> _WHAT YOU SHOULD DO_: Repeat the full listing below verbatim and keep the images out.

> _INPUT DATA_:
- Opening Delimiter -

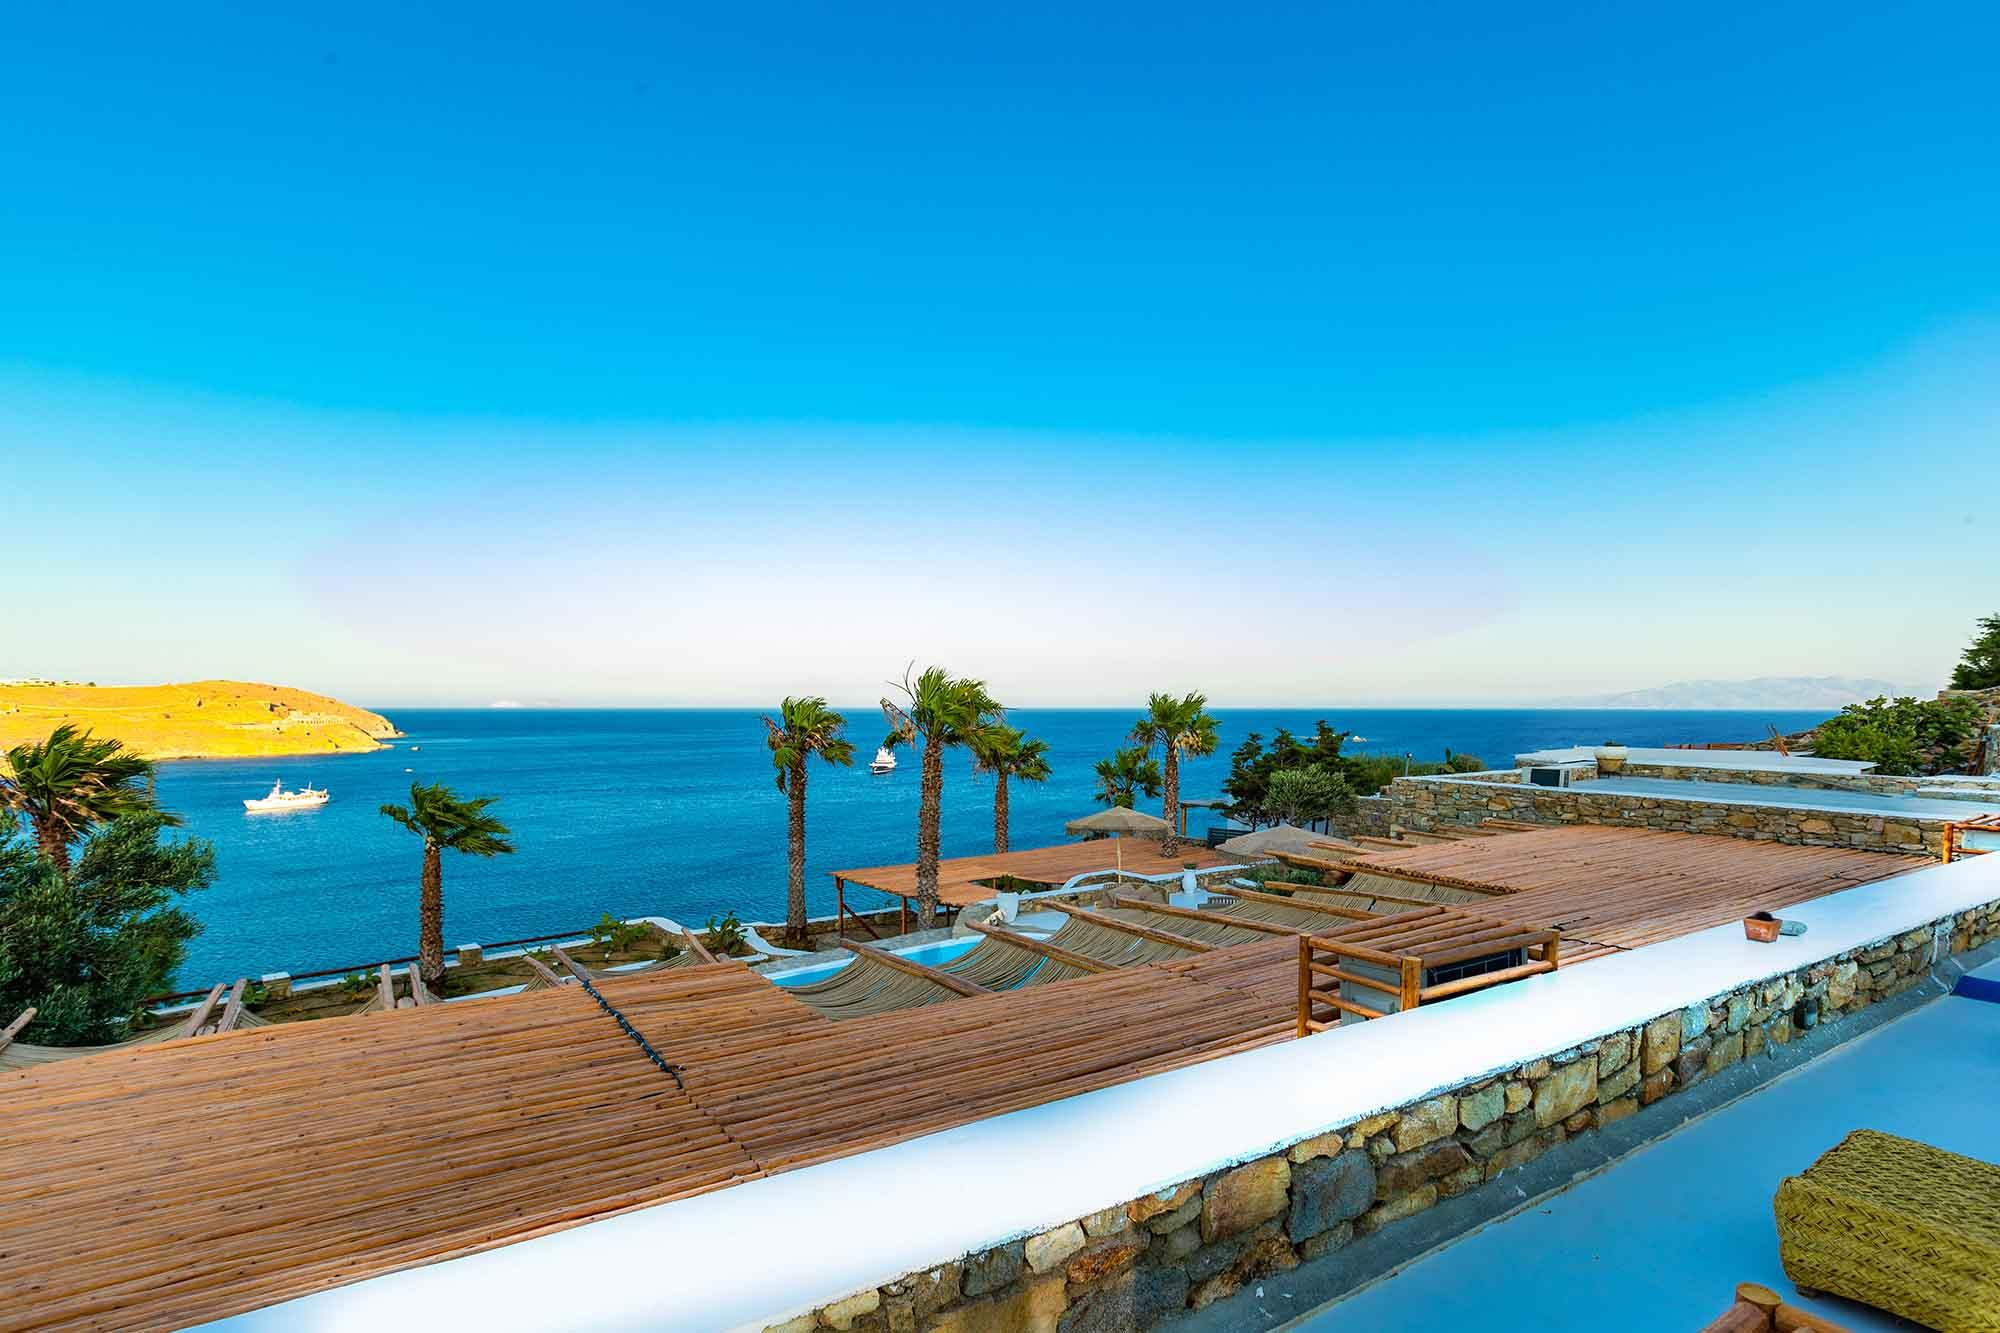 RENT A LUXURIOUS VILLA BY THE SEA IN MYKONOS - VILLA KARKOS - blue sea view
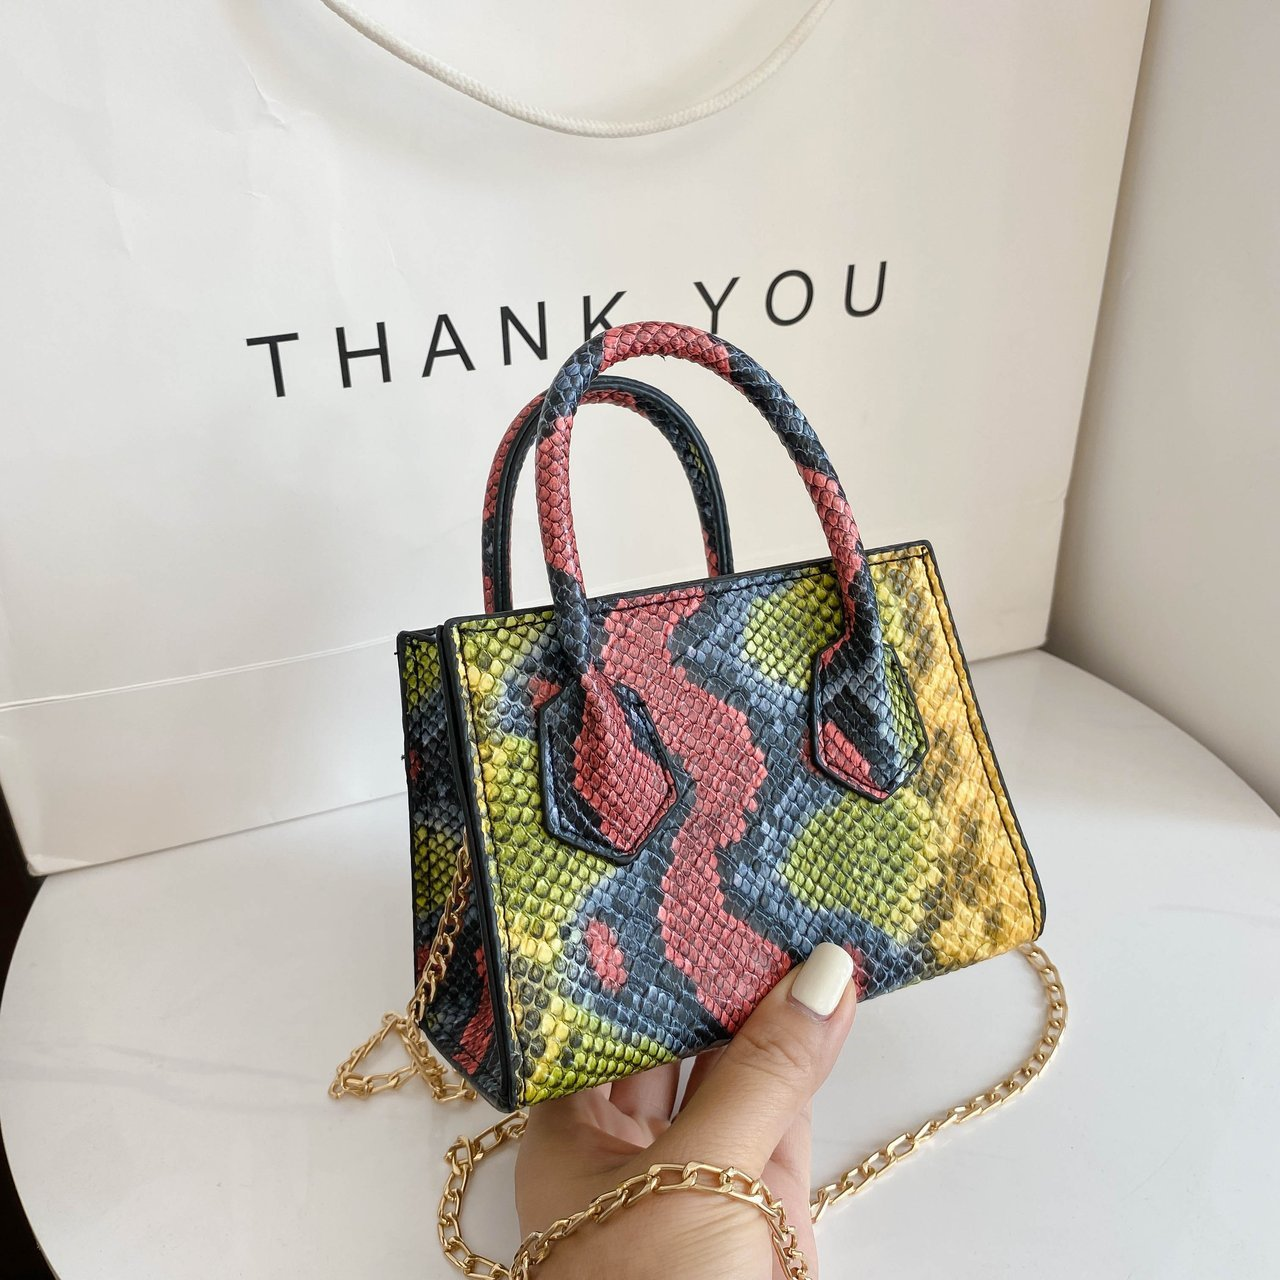 Female bag in Europe and the trend of the serpentine single shoulder bag worn handbag
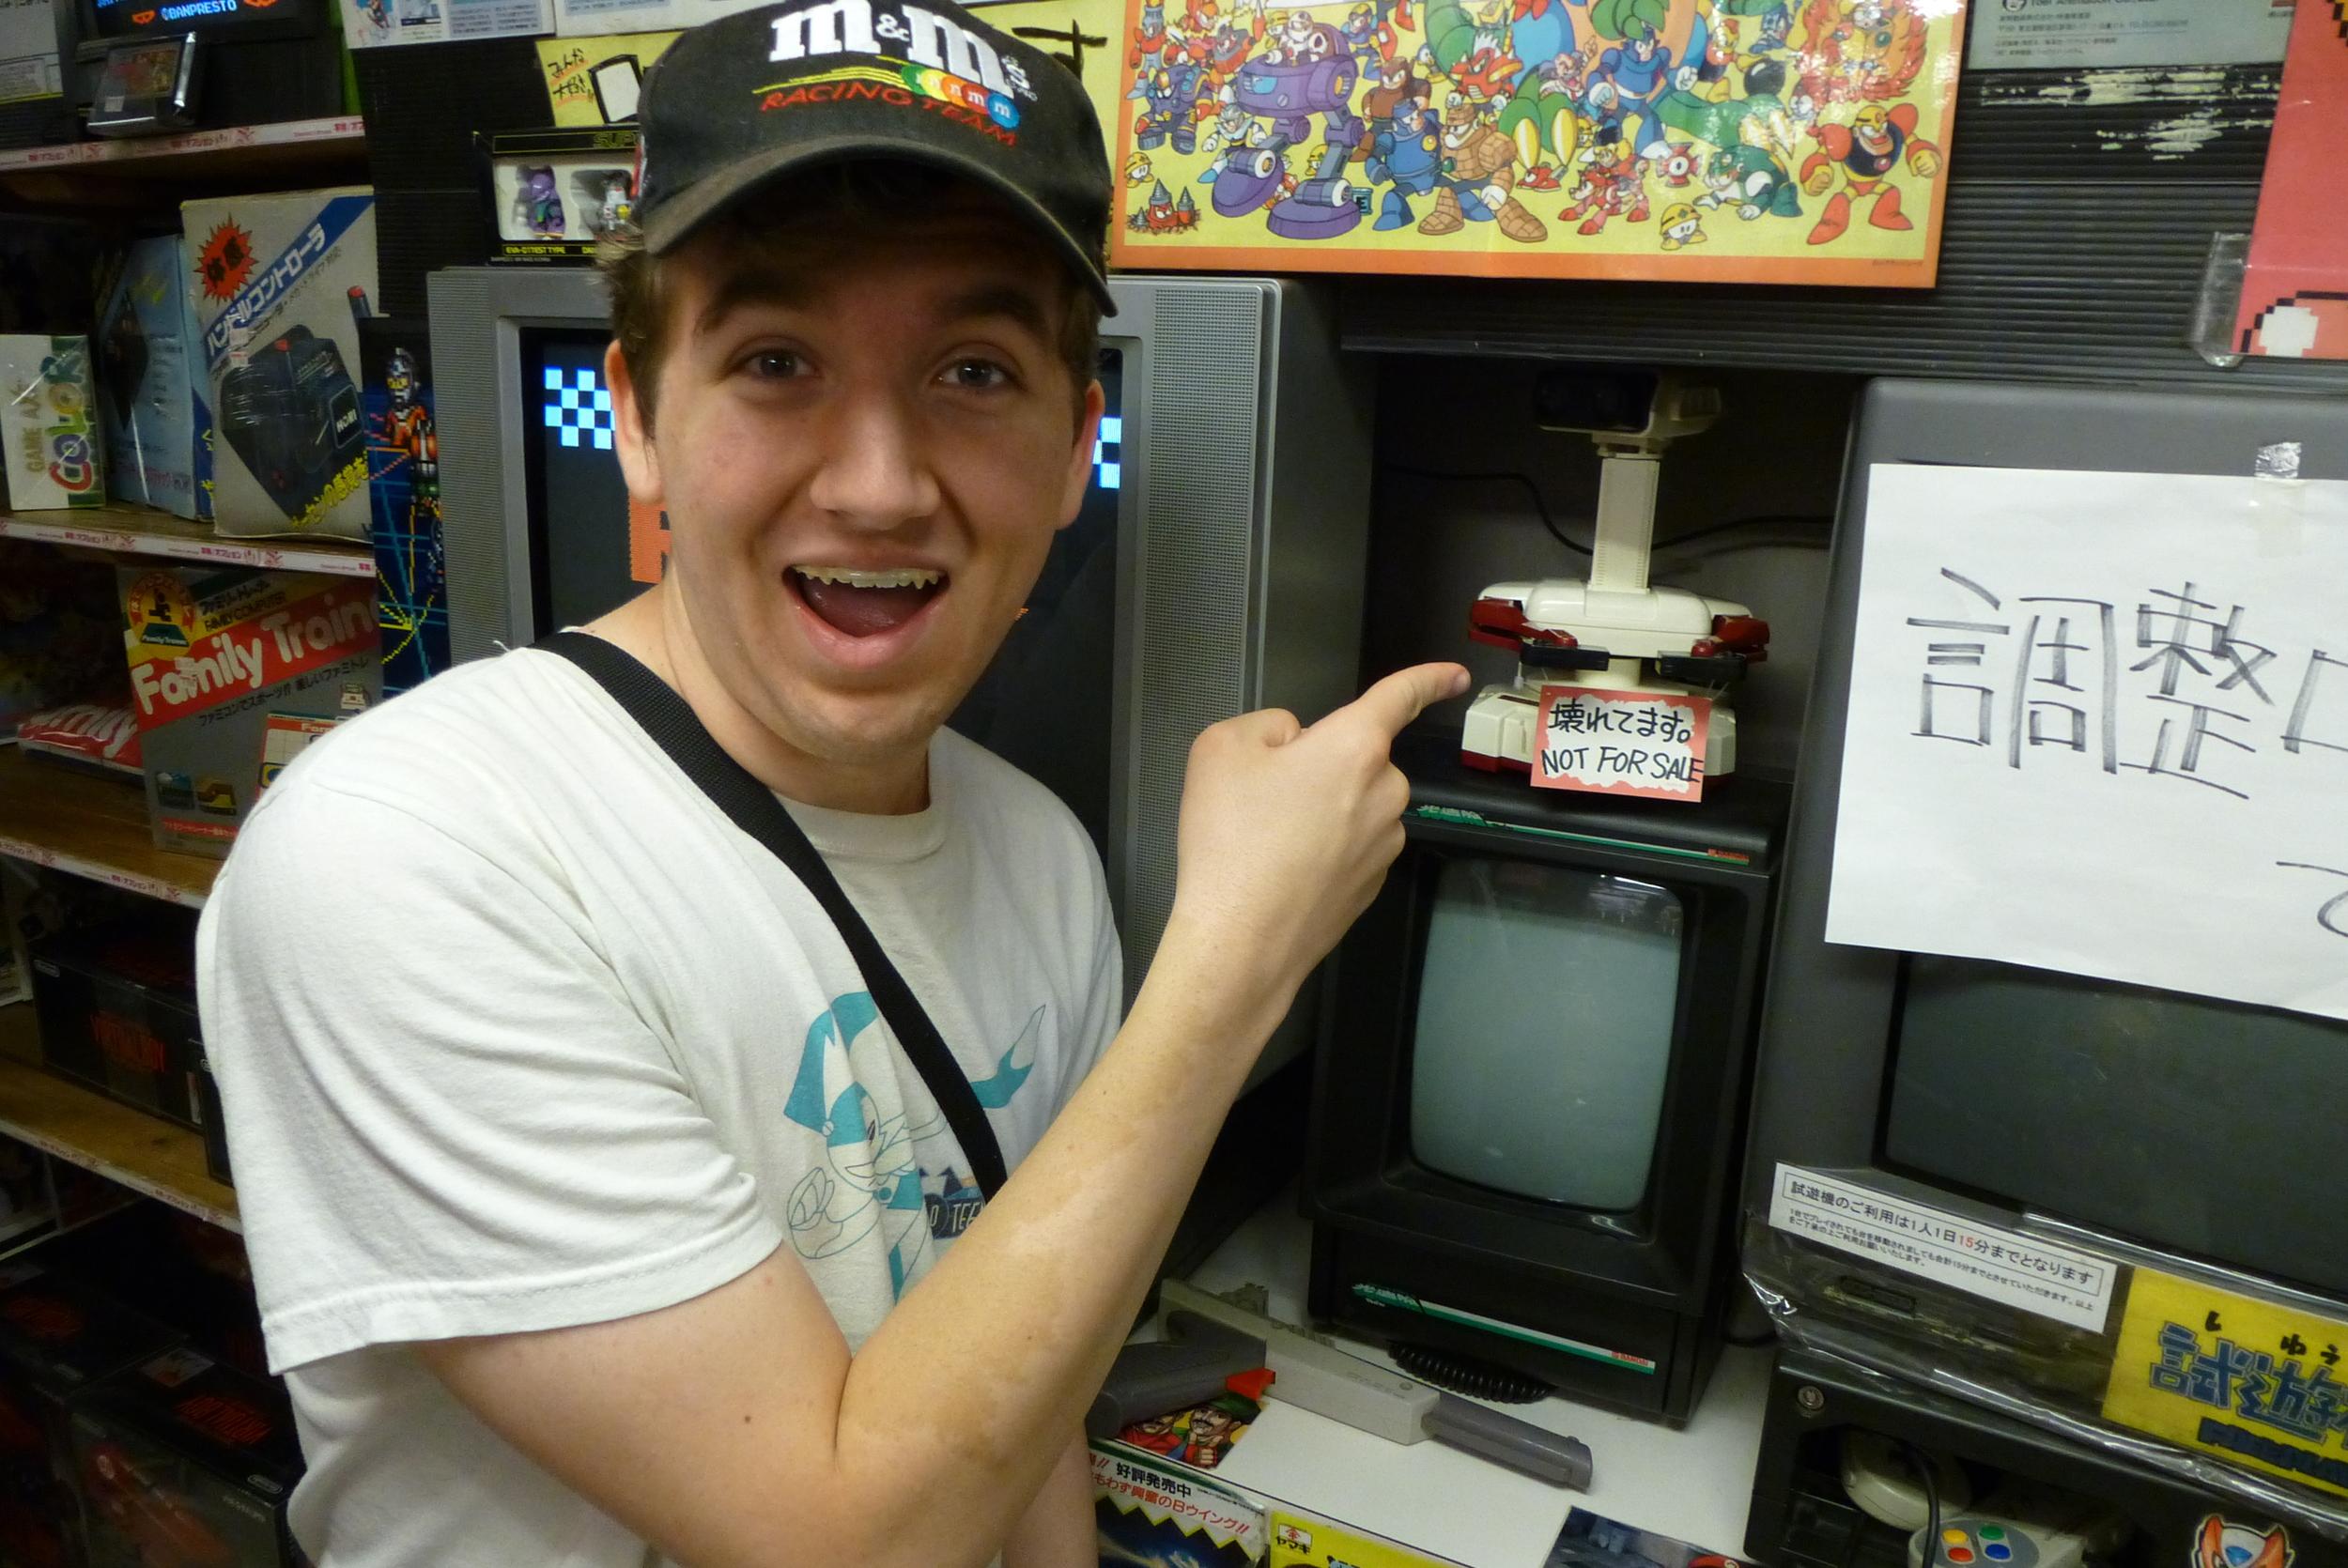 Jack spots a ROB (Robot Operating Buddy) at Super Potato.

- Closing Delimiter -

> _ANSWER FOR THIS EXERCISE_:
 RENT A LUXURIOUS VILLA BY THE SEA IN MYKONOS - VILLA KARKOS - blue sea view
 Female bag in Europe and the trend of the serpentine single shoulder bag worn handbag
 Jack spots a ROB (Robot Operating Buddy) at Super Potato.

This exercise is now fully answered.